The DARE Act Opens the Door for New Industry in the Bahamas
The passage of the Digital Assets and Registered Exchanges Bill, 2020 (DARE Bill) has put in place the legal framework for a vital, well-regulated and compliant industry in the Bahamas for those interested in entering the digital asset space.
It also creates specific opportunities for entrepreneurial Bahamian Fintech firms to enjoy the credibility of being licensed and functioning under a comprehensive regulatory regime and participate in the Fintech industry that is being forged with the DARE Act.
The DARE Act
The DARE Bill passed in the House of Parliament in December 2020, thus becoming the Digital Assets and Registered Exchanges Act, 2020 (DARE Act), facilitates the registration of digital token exchanges and the provision of services related to them. It also provides for the regulation of digital assets-based payment service businesses and for the registration of financial services related to the creation, issuance or sale of digital tokens and other digital assets.
The Securities Commission of The Bahamas (SCB) worked in close consultation with industry and outside consultants on the development of the DARE Act. SCB noted that with the intense interest in digital-asset-related business, it was essential for the jurisdiction to have an appropriate regulatory framework in place.

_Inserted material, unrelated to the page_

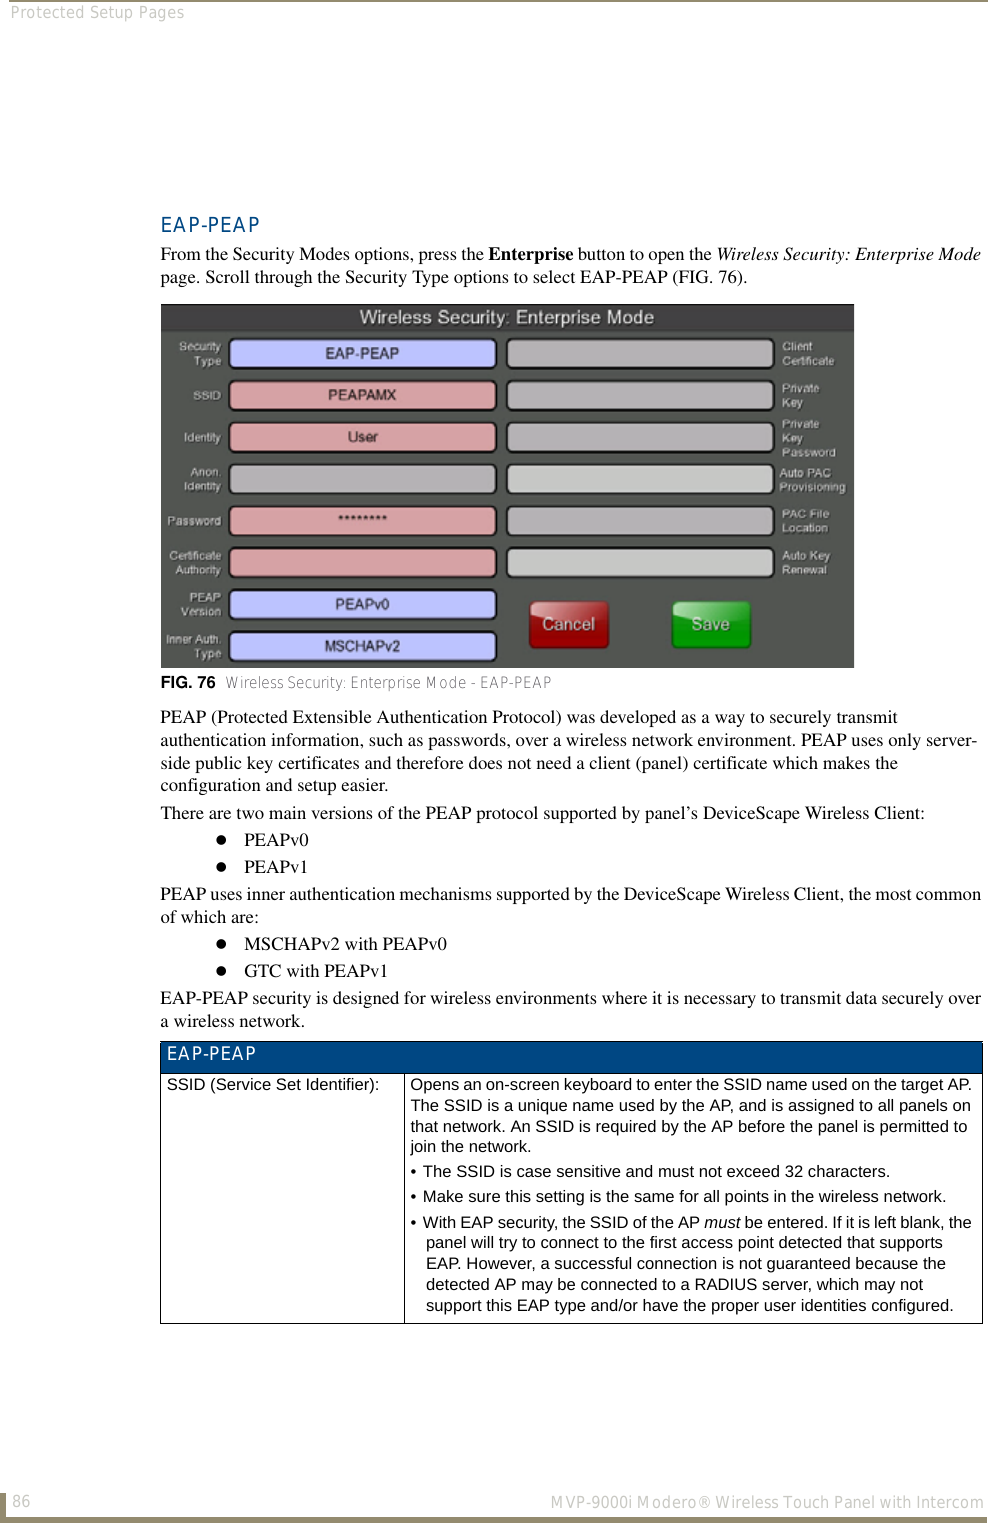 Protected Setup Pages86  MVP-9000i Modero® Wireless Touch Panel with IntercomEAP-PEAPFrom the Security Modes options, press the Enterprise button to open the Wireless Security: Enterprise Mode page. Scroll through the Security Type options to select EAP-PEAP (FIG. 76).        PEAP (Protected Extensible Authentication Protocol) was developed as a way to securely transmit authentication information, such as passwords, over a wireless network environment. PEAP uses only server-side public key certificates and therefore does not need a client (panel) certificate which makes the configuration and setup easier. There are two main versions of the PEAP protocol supported by panel’s DeviceScape Wireless Client: PEAPv0PEAPv1PEAP uses inner authentication mechanisms supported by the DeviceScape Wireless Client, the most common of which are: MSCHAPv2 with PEAPv0GTC with PEAPv1EAP-PEAP security is designed for wireless environments where it is necessary to transmit data securely over a wireless network. FIG. 76  Wireless Security: Enterprise Mode - EAP-PEAPEAP-PEAPSSID (Service Set Identifier): Opens an on-screen keyboard to enter the SSID name used on the target AP. The SSID is a unique name used by the AP, and is assigned to all panels on that network. An SSID is required by the AP before the panel is permitted to join the network. • The SSID is case sensitive and must not exceed 32 characters. • Make sure this setting is the same for all points in the wireless network.• With EAP security, the SSID of the AP must be entered. If it is left blank, the panel will try to connect to the first access point detected that supports EAP. However, a successful connection is not guaranteed because the detected AP may be connected to a RADIUS server, which may not support this EAP type and/or have the proper user identities configured.

The DARE Act solidifies a legislative structure with standards for entry into and participation in the digital assets space. These requirements stipulate who may participate, the level of capital required, the rules for reporting and seeking the SCB’s approval, and the penalties for failure to comply.
The DARE Act applies to any organiser, issuer, founder, purchaser or investor, as defined by the legislation, that participates (DARE participants) in the formation, promotion, maintenance, organisation, sale or redemption of an initial token offering (ITO), as well as any legal entity carrying on a digital asset business, irrespective of any physical location from which the activity is carried out. Strict adherence to established anti-money laundering and combating the financing of terrorism (AML/CFT) laws by DARE participants is also included in the legislation; to ensure data-protection measures related to the personal information of clients and implement measures to prevent data breaches that would jeopardise clients’ digital assets. Specifically, DARE participants are required to implement the same AML/CFT measures as designated non-financial business professionals and financial institutions.
The release of the Fidelity Digital Assets’ Institutional Digital Asset Survey Report indicates the explosive growth of virtual currencies and the need for a jurisdiction like the Bahamas to equip itself with compliant and competitive legislation to participate in the digital asset space. The survey of almost 800 institutional investors across the US and Europe indicated that 36 percent of respondents are invested in digital assets, and that 60 percent believe digital assets “have a place in their investment portfolio”. According to the report, over 80 percent of investors indicated that they would be interested in institutional investment products that hold digital assets.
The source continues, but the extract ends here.